Of these models I will be using the dynamic programming and hierarchical matching models. The dynamic programming model allows the user to enter data on prey abundance in a patch as well as time spent foraging in a patch. Using this data I can then estimate a fitness response of the predators from the observed results of my experiment and adjust the model to see how the fitness changes. The other model that will be used is the hierarchical matching model. In this model I can enter data on the abundance and palatability of the three different prey items in each patch to observe the habitat use and time spent foraging in the patches. This will allow me to model both the avian predators and prey items and determine the foraging differences.
There are two additions experiments that Viz Lab is providing support for. The first is to quantify the avian predation of galls by verifying avian attack through digital recordings. These recordings will help me to determine exactly which gall was attacked by which avian predator in order to give me more accuracy in the foraging models. At this point determining which bird attacked a gall is subjective in that the chickadee is believed to have a larger attack area then the woodpecker. This has not been tested to assure accuracy and by recording which bird attacked which gall I will be able to observe patterns that each predator shows in its attack.

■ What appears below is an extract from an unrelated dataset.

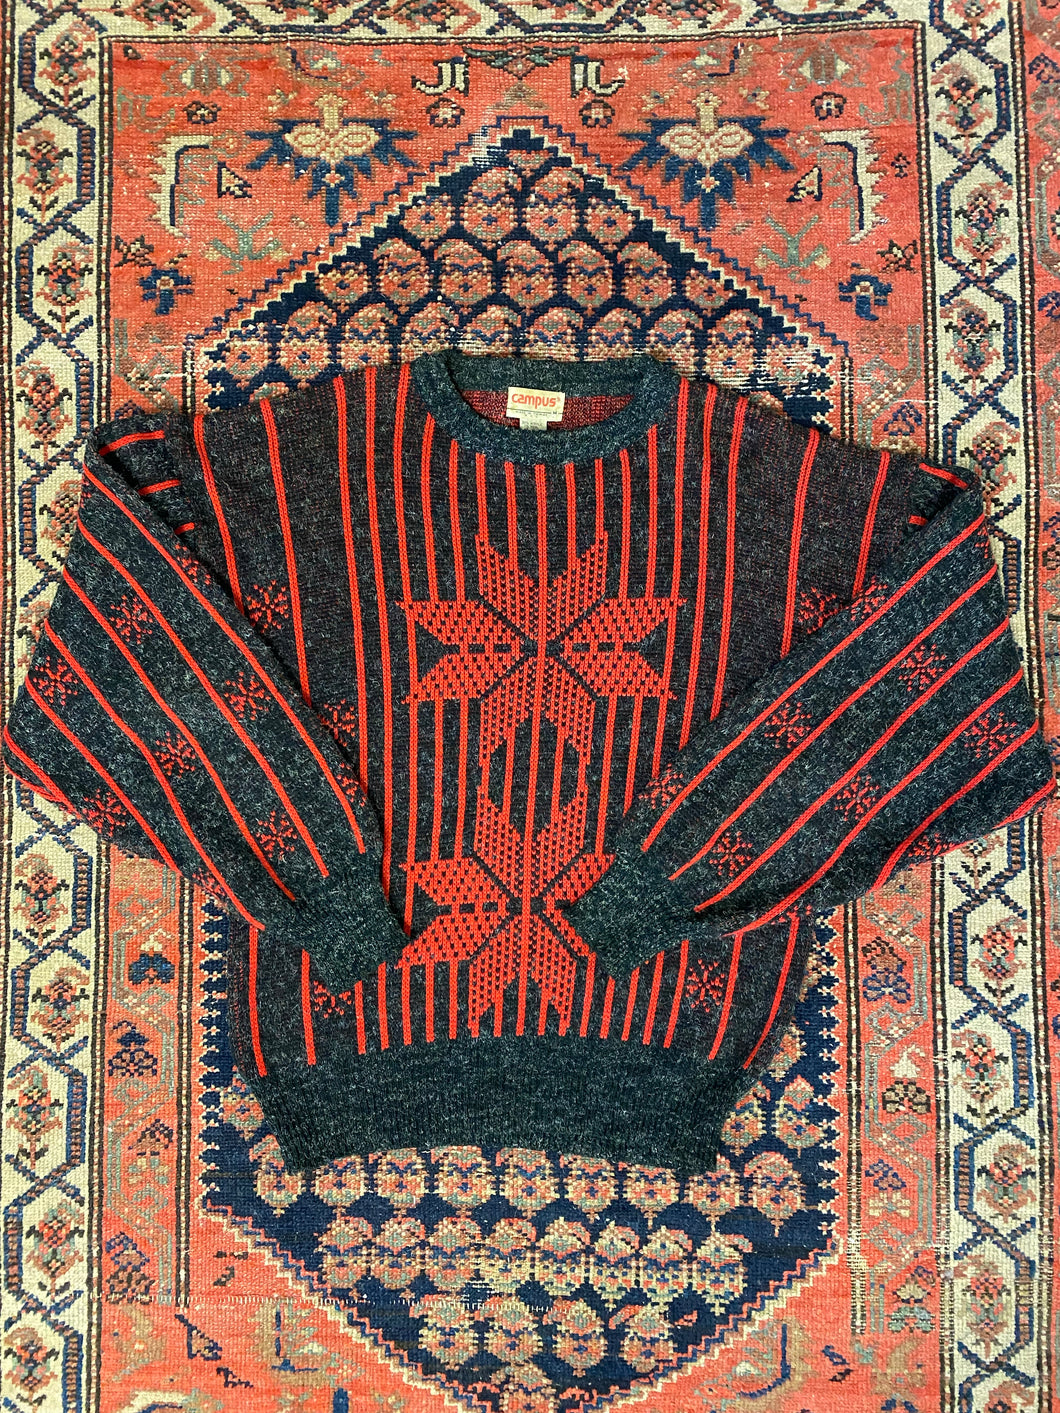 Vintage Stripped Knit Sweater - L

Figure 5 The traditional method for determining attacked by avian predator. The size of the attack as thus far been used to assign an either a chickadee or woodpecker as the attacker. http://www.facstaff.bucknell.edu/abrahmsn/solidago/gallkey8.html
The second experiment that is to be conducted is to determine a method for locating exit tunnels in galls without having to dissect them. The woodpecker and possibly the chickadee are able to do this through an undetermined sensory mechanism. I plan on using ultraviolet and infrared light photography to see if the exit tunnels can be observed in this manner. Another possible method may be using small microphones and computer programs to observe the vibration signature of galls to find a pattern for contents.